[SUPPLIED MATERIAL]:
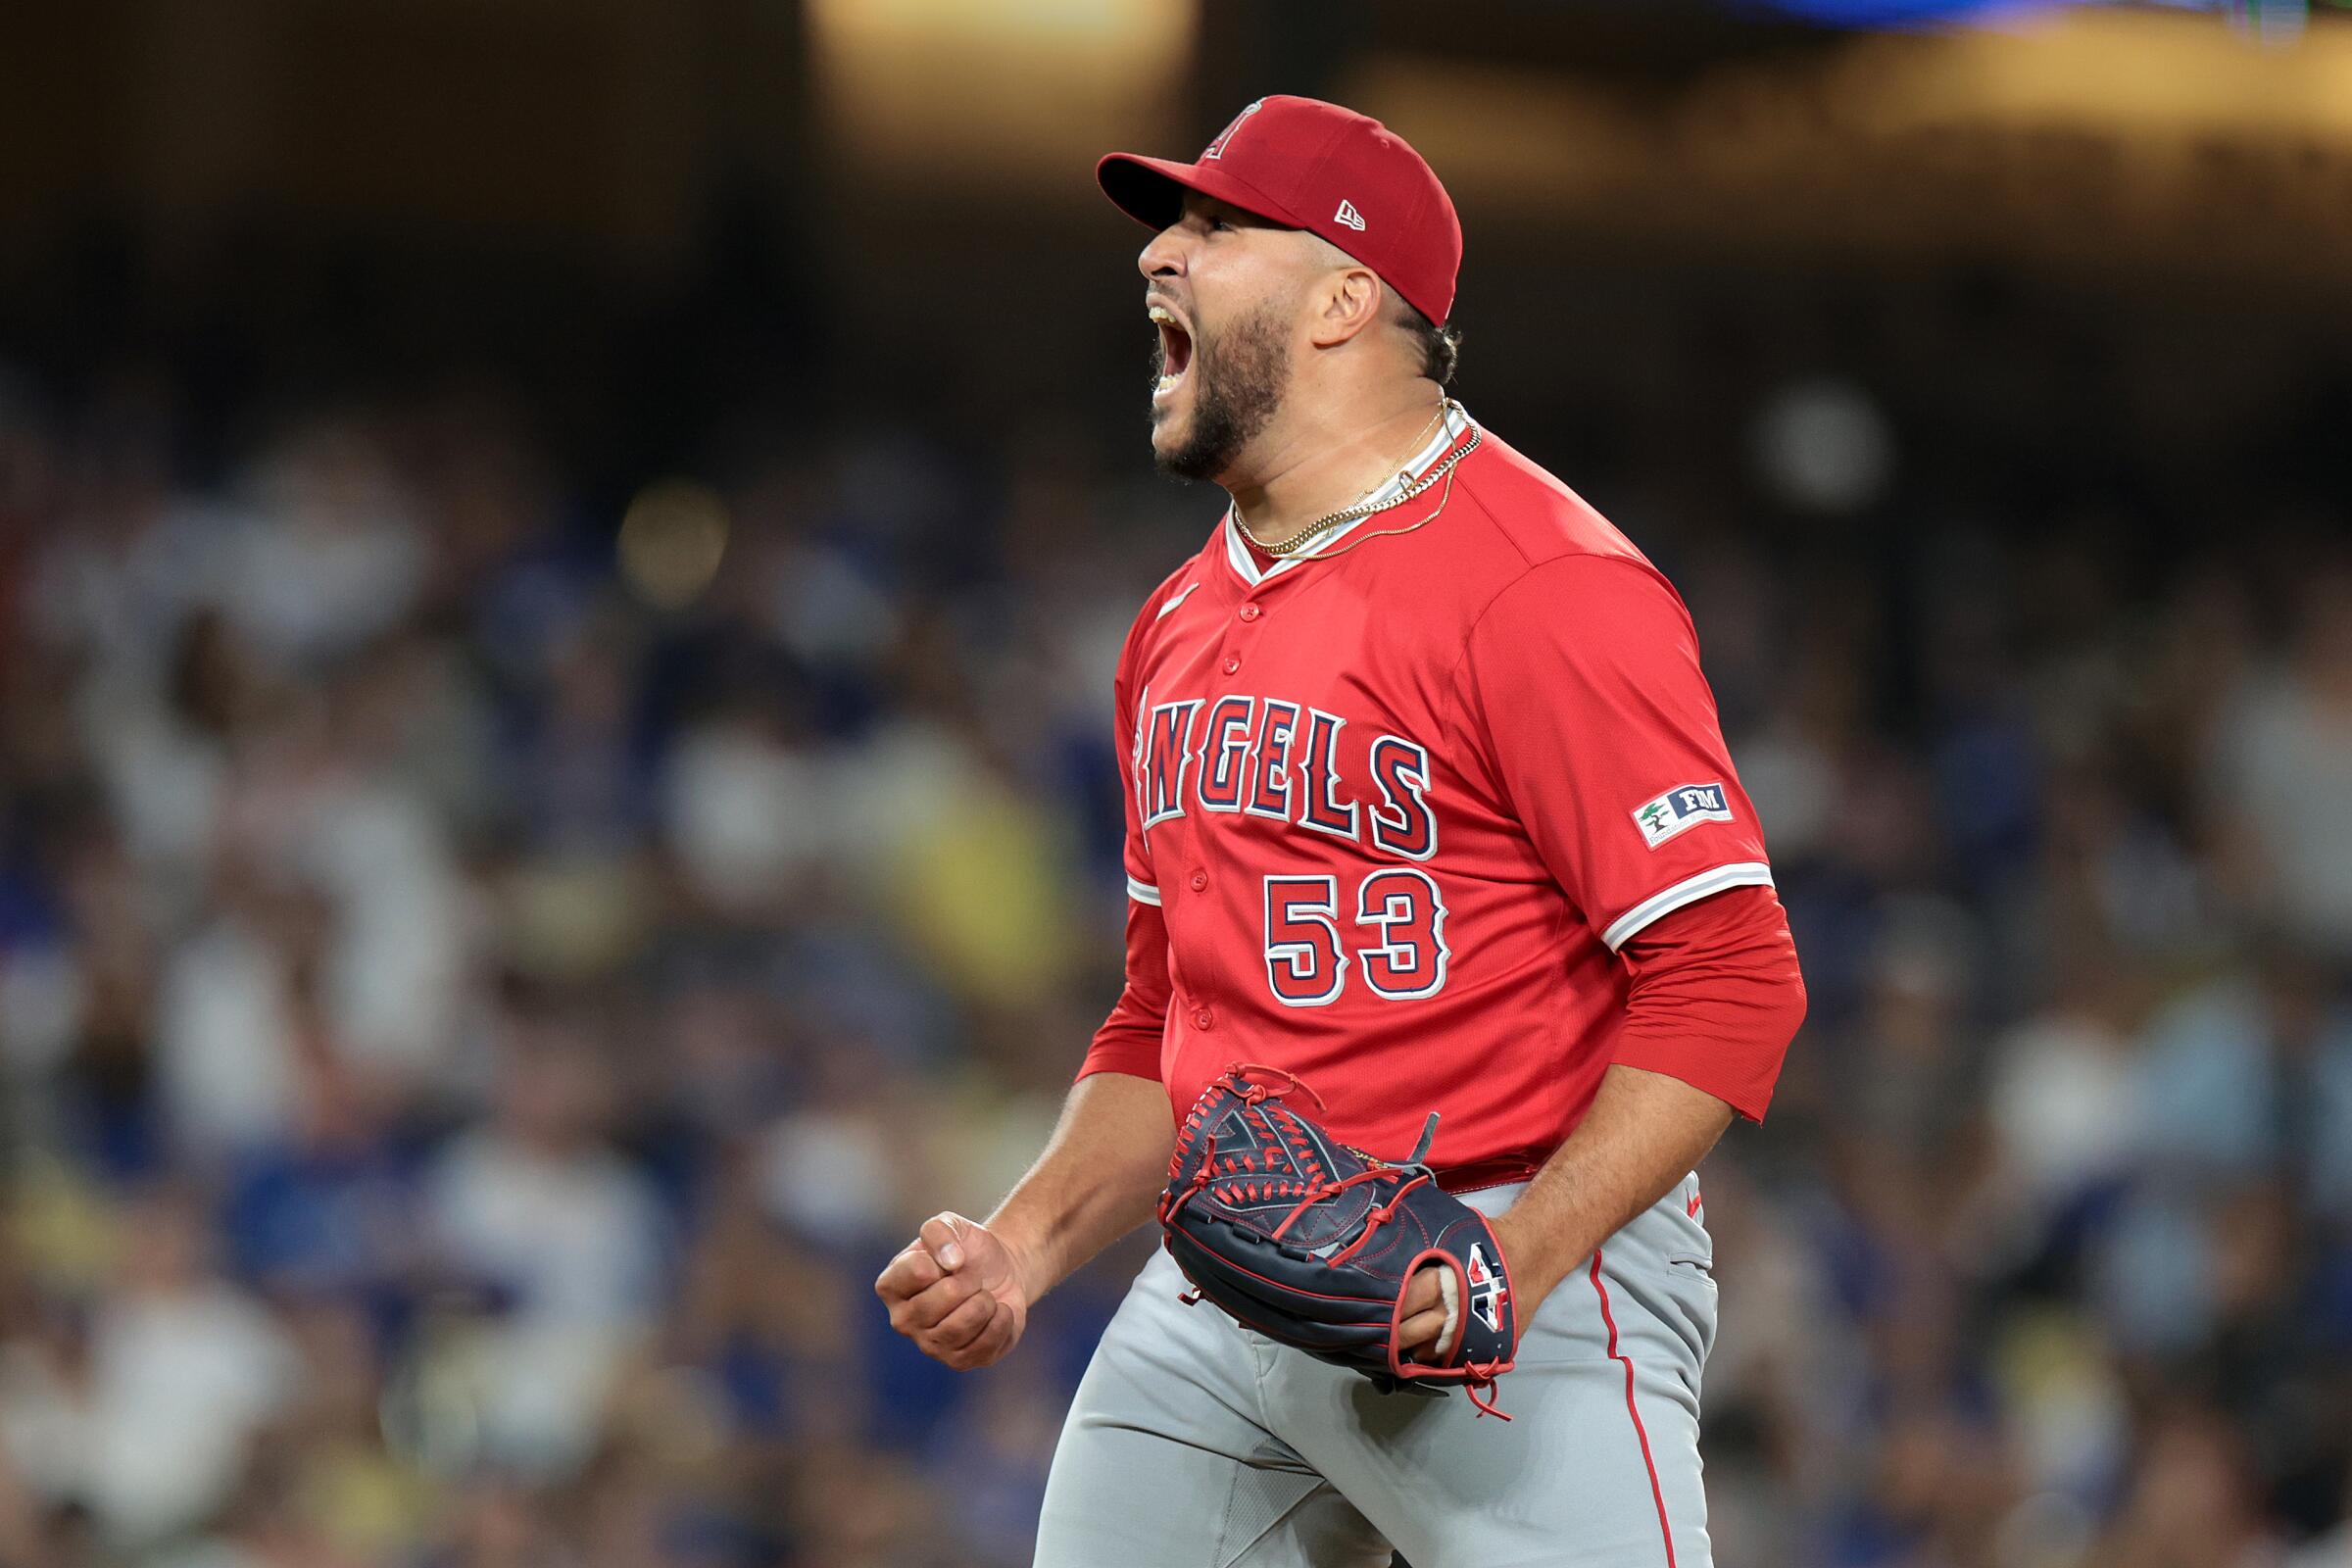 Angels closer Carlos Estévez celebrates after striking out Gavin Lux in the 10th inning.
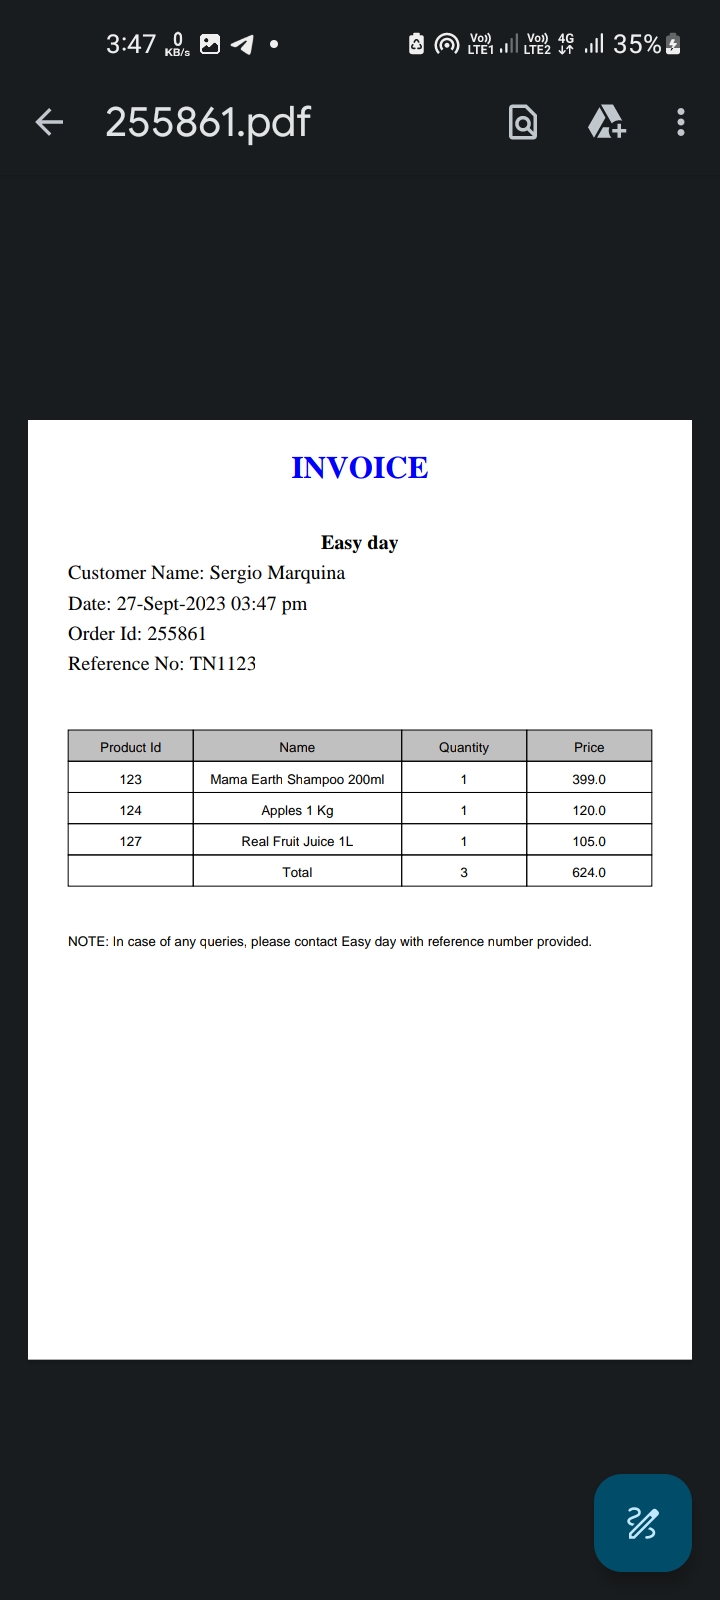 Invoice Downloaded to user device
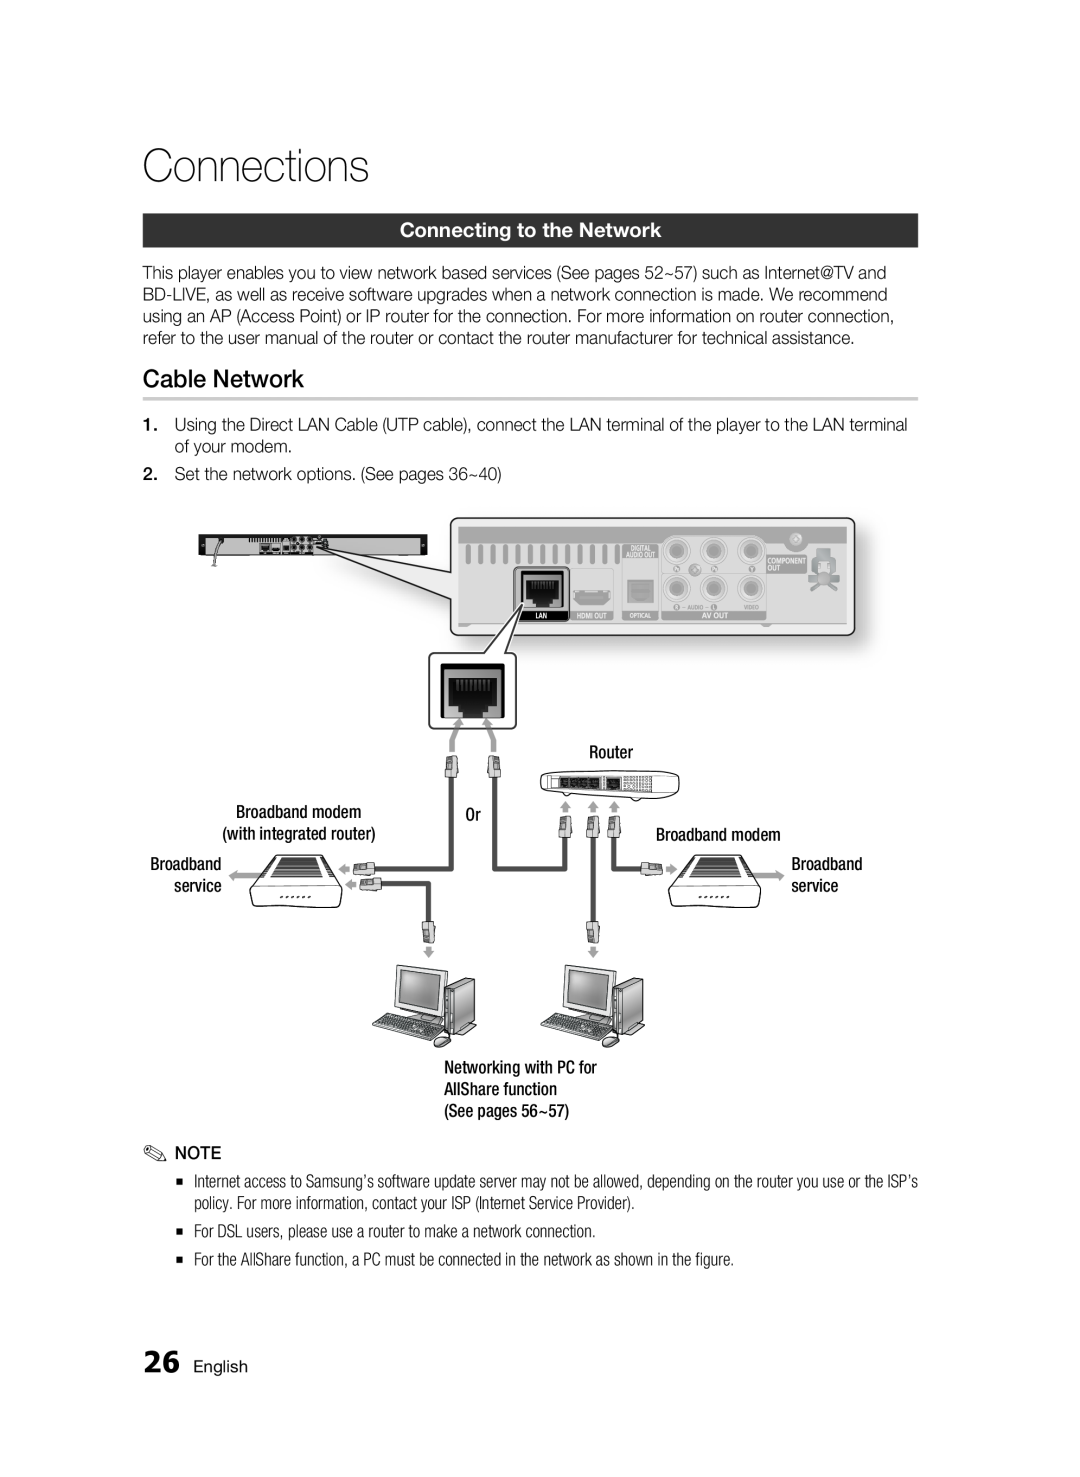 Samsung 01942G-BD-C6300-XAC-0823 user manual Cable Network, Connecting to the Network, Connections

[WHAT THE EXERCISE ASKS]: Give back the material above exactly as written, but omit the images.

[ANSWER TO THE EXERCISE]:
 Angels closer Carlos Estévez celebrates after striking out Gavin Lux in the 10th inning.
 Invoice Downloaded to user device
 Samsung 01942G-BD-C6300-XAC-0823 user manual Cable Network, Connecting to the Network, Connections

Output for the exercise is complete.